Assignment:
The pictures in the data below are to be omitted; all else must be duplicated exactly.

[Records from a data collection]
# # # #

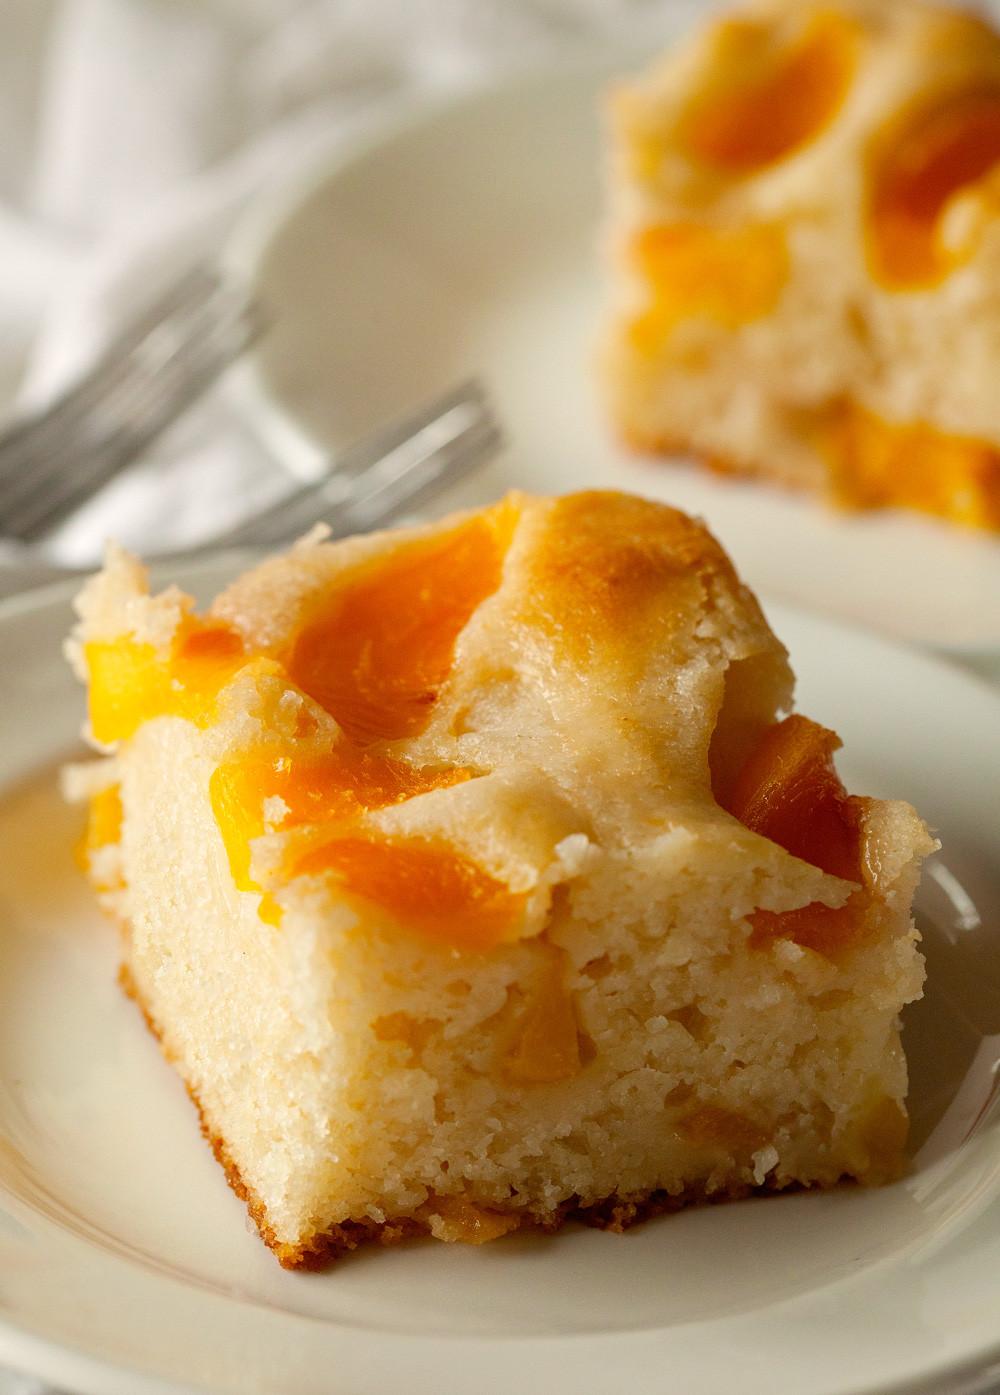 Peach Desserts Recipes  Peach Cobbler Snack Cake
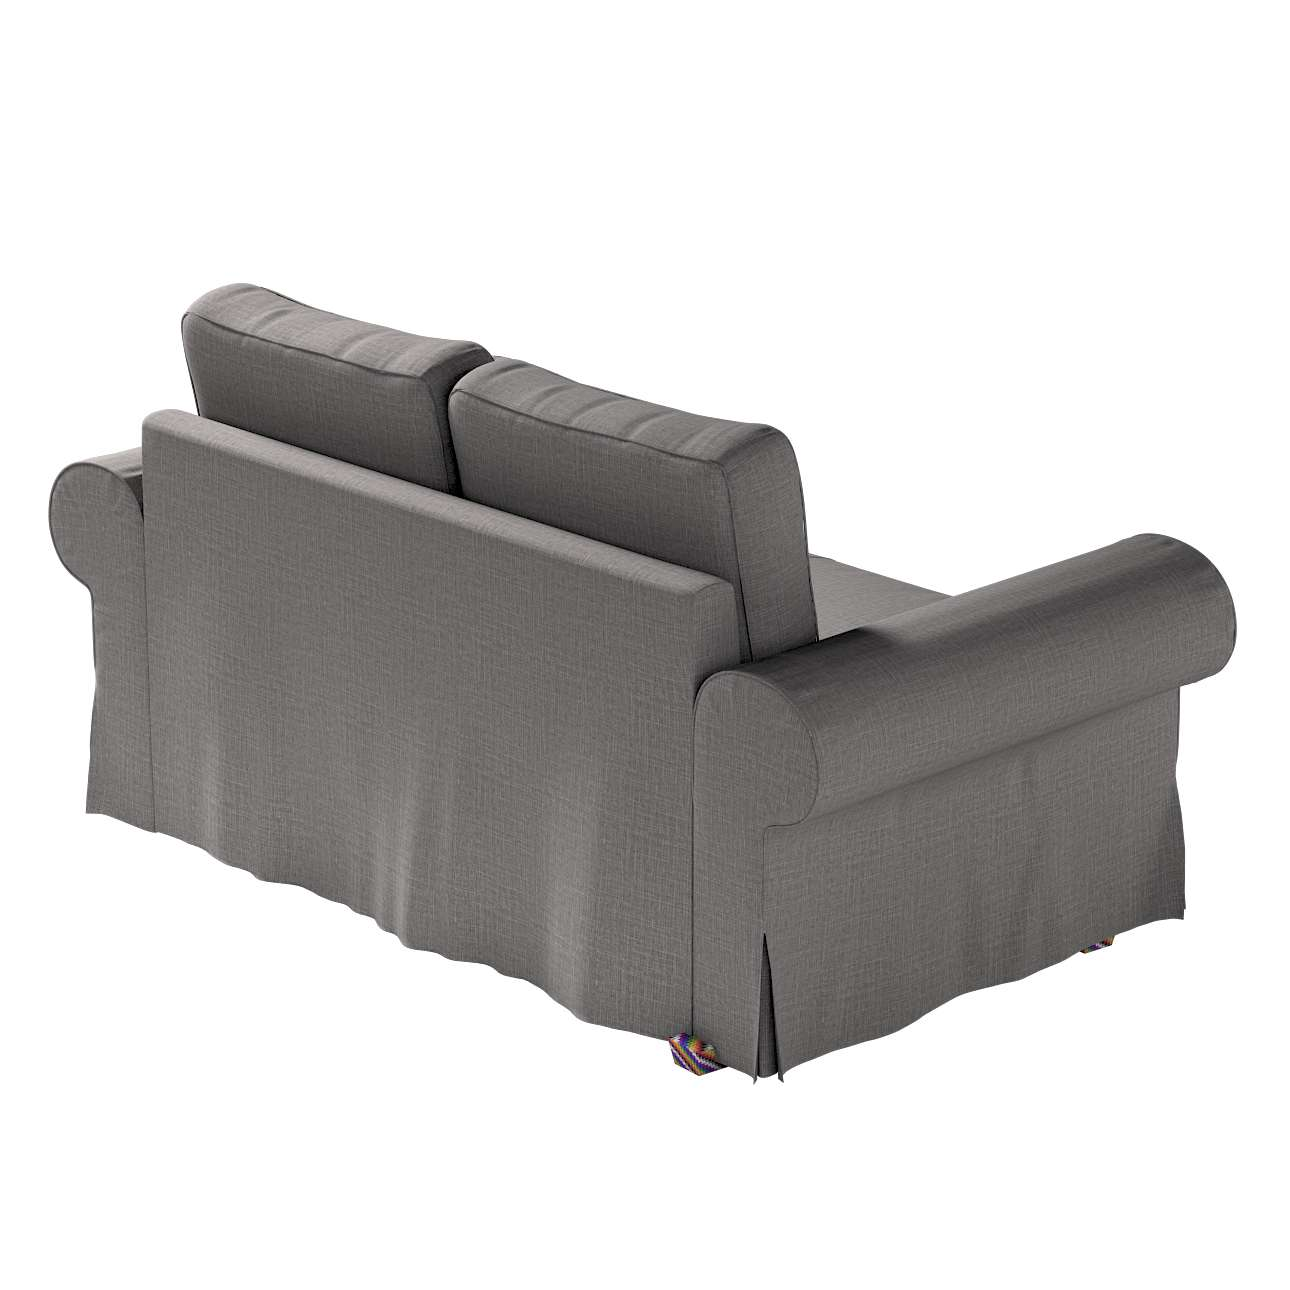 Bezug für Backabro 2-Sitzer Sofa ausklappbar von der Kollektion Living II, Stoff: 161-16
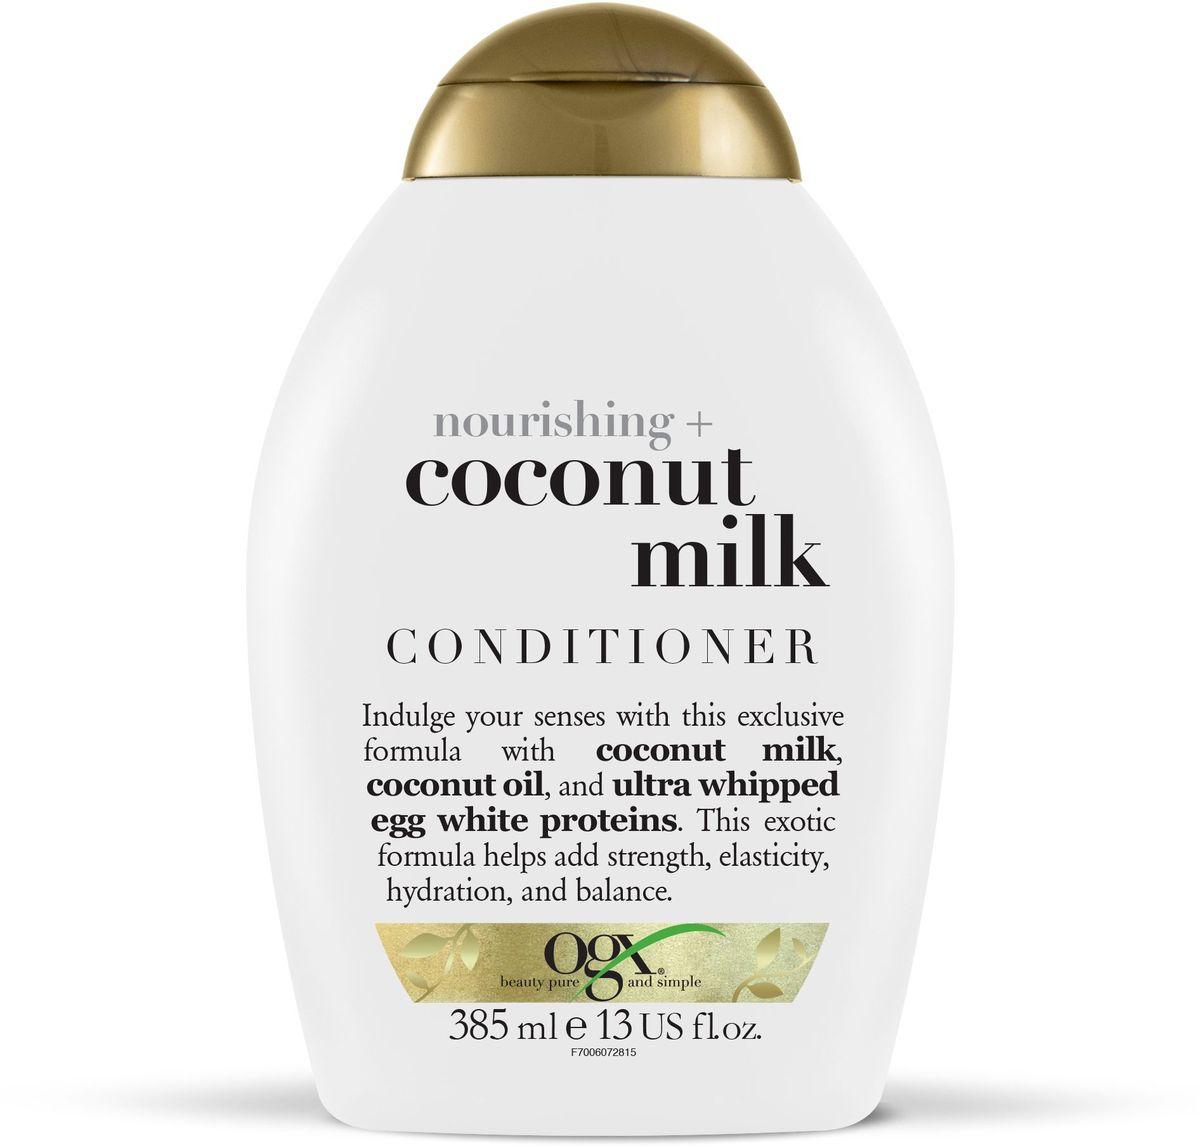 OGX Питательный кондиционер с кокосовым молоком, 385 млFS-00897Питательный кондиционер с кокосовым молоком– питает и увлажняет волосы, придавая им гладкость и блеск, кокосовое масло, входящее в состав продукта наполняет волосы влагой от корней до самых кончиков, восстанавливая водный баланс. Придает волосам силу.
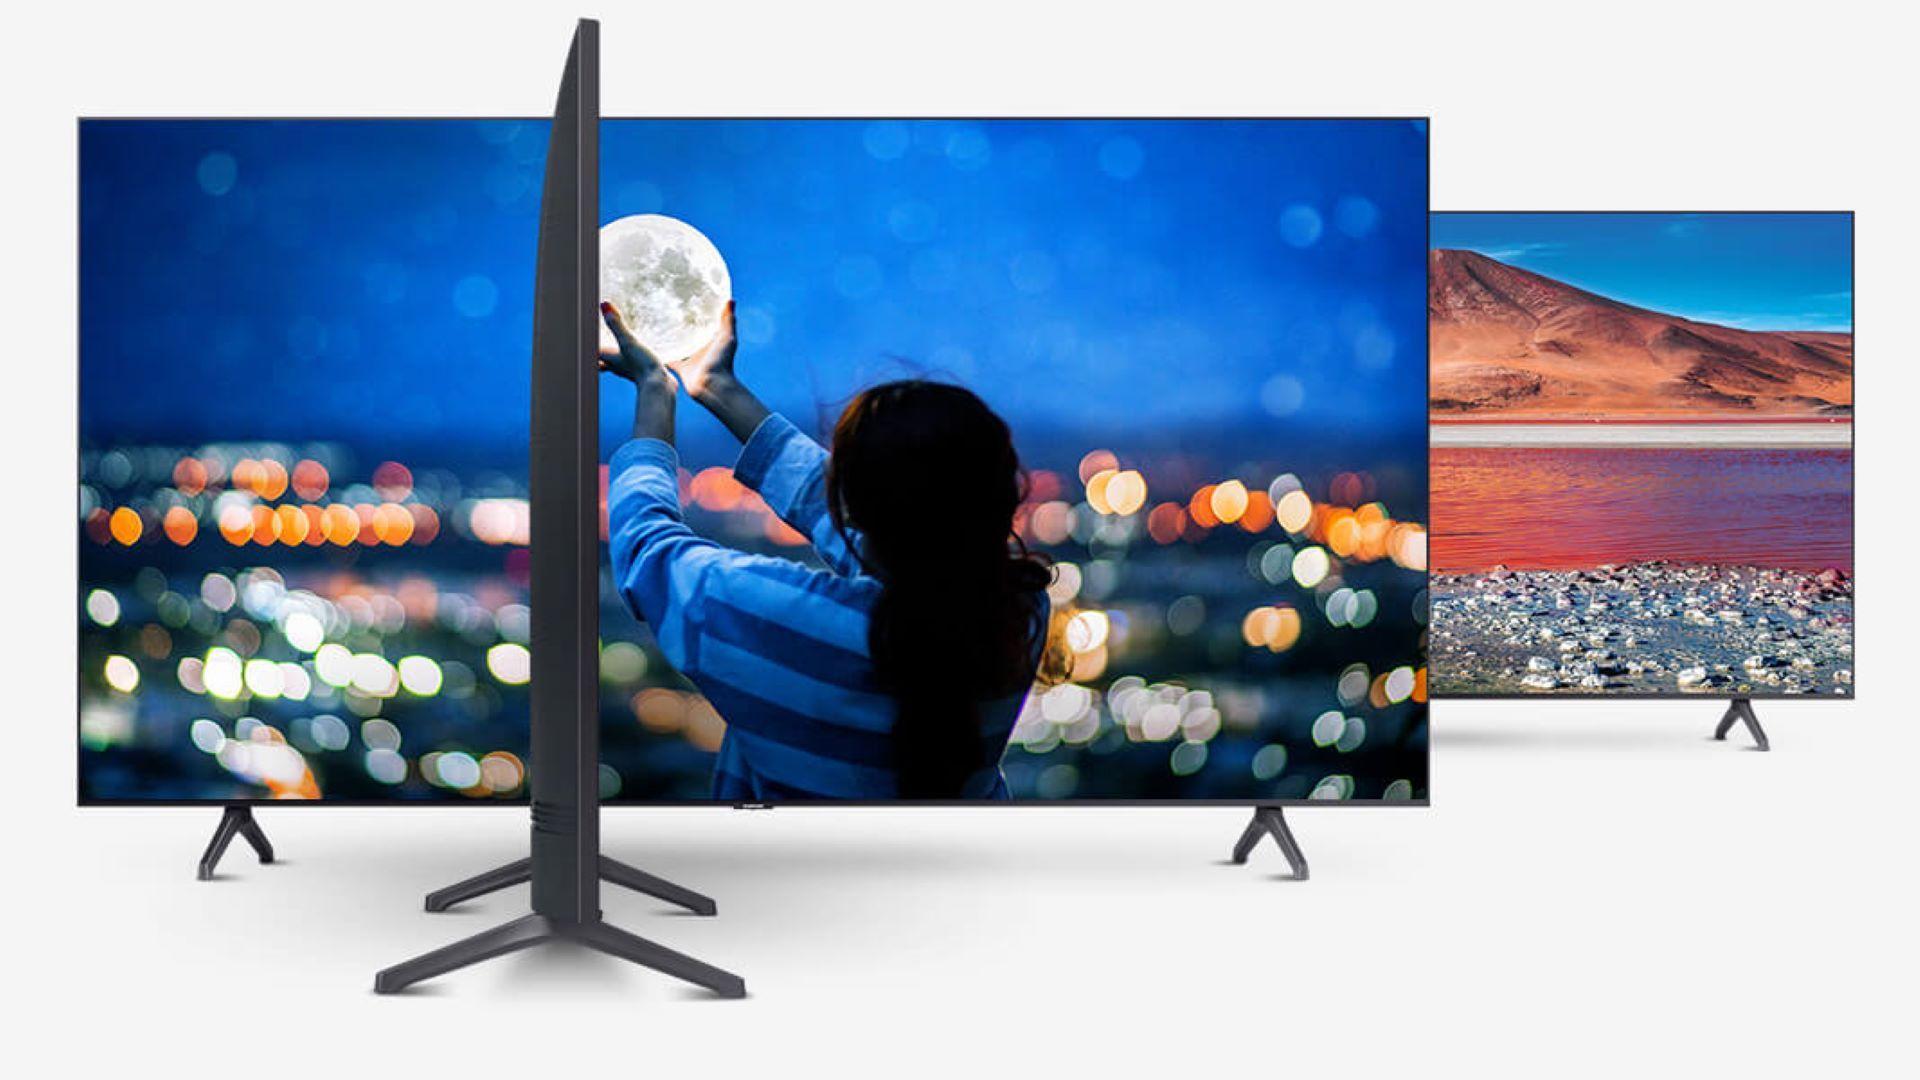 TU8000 é a TV 4K com a tela mais fina da categoria (Foto: Divulgação/ Samsung)
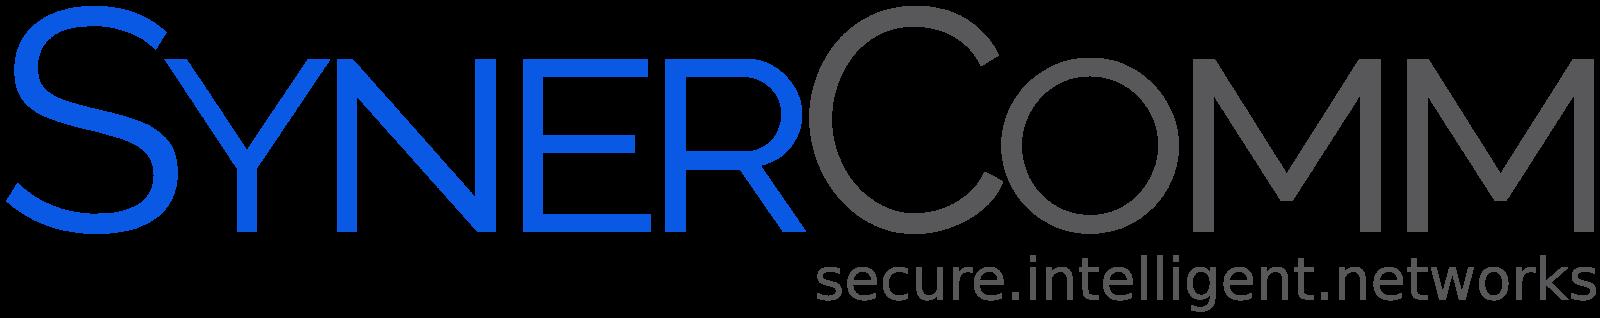 SynerComm logo

# # # #

Solved exercise:
 Peach Desserts Recipes  Peach Cobbler Snack Cake
 Bezug für Backabro 2-Sitzer Sofa ausklappbar von der Kollektion Living II, Stoff: 161-16
 OGX Питательный кондиционер с кокосовым молоком, 385 млFS-00897Питательный кондиционер с кокосовым молоком– питает и увлажняет волосы, придавая им гладкость и блеск, кокосовое масло, входящее в состав продукта наполняет волосы влагой от корней до самых кончиков, восстанавливая водный баланс. Придает волосам силу.
 TU8000 é a TV 4K com a tela mais fina da categoria (Foto: Divulgação/ Samsung)
 SynerComm logo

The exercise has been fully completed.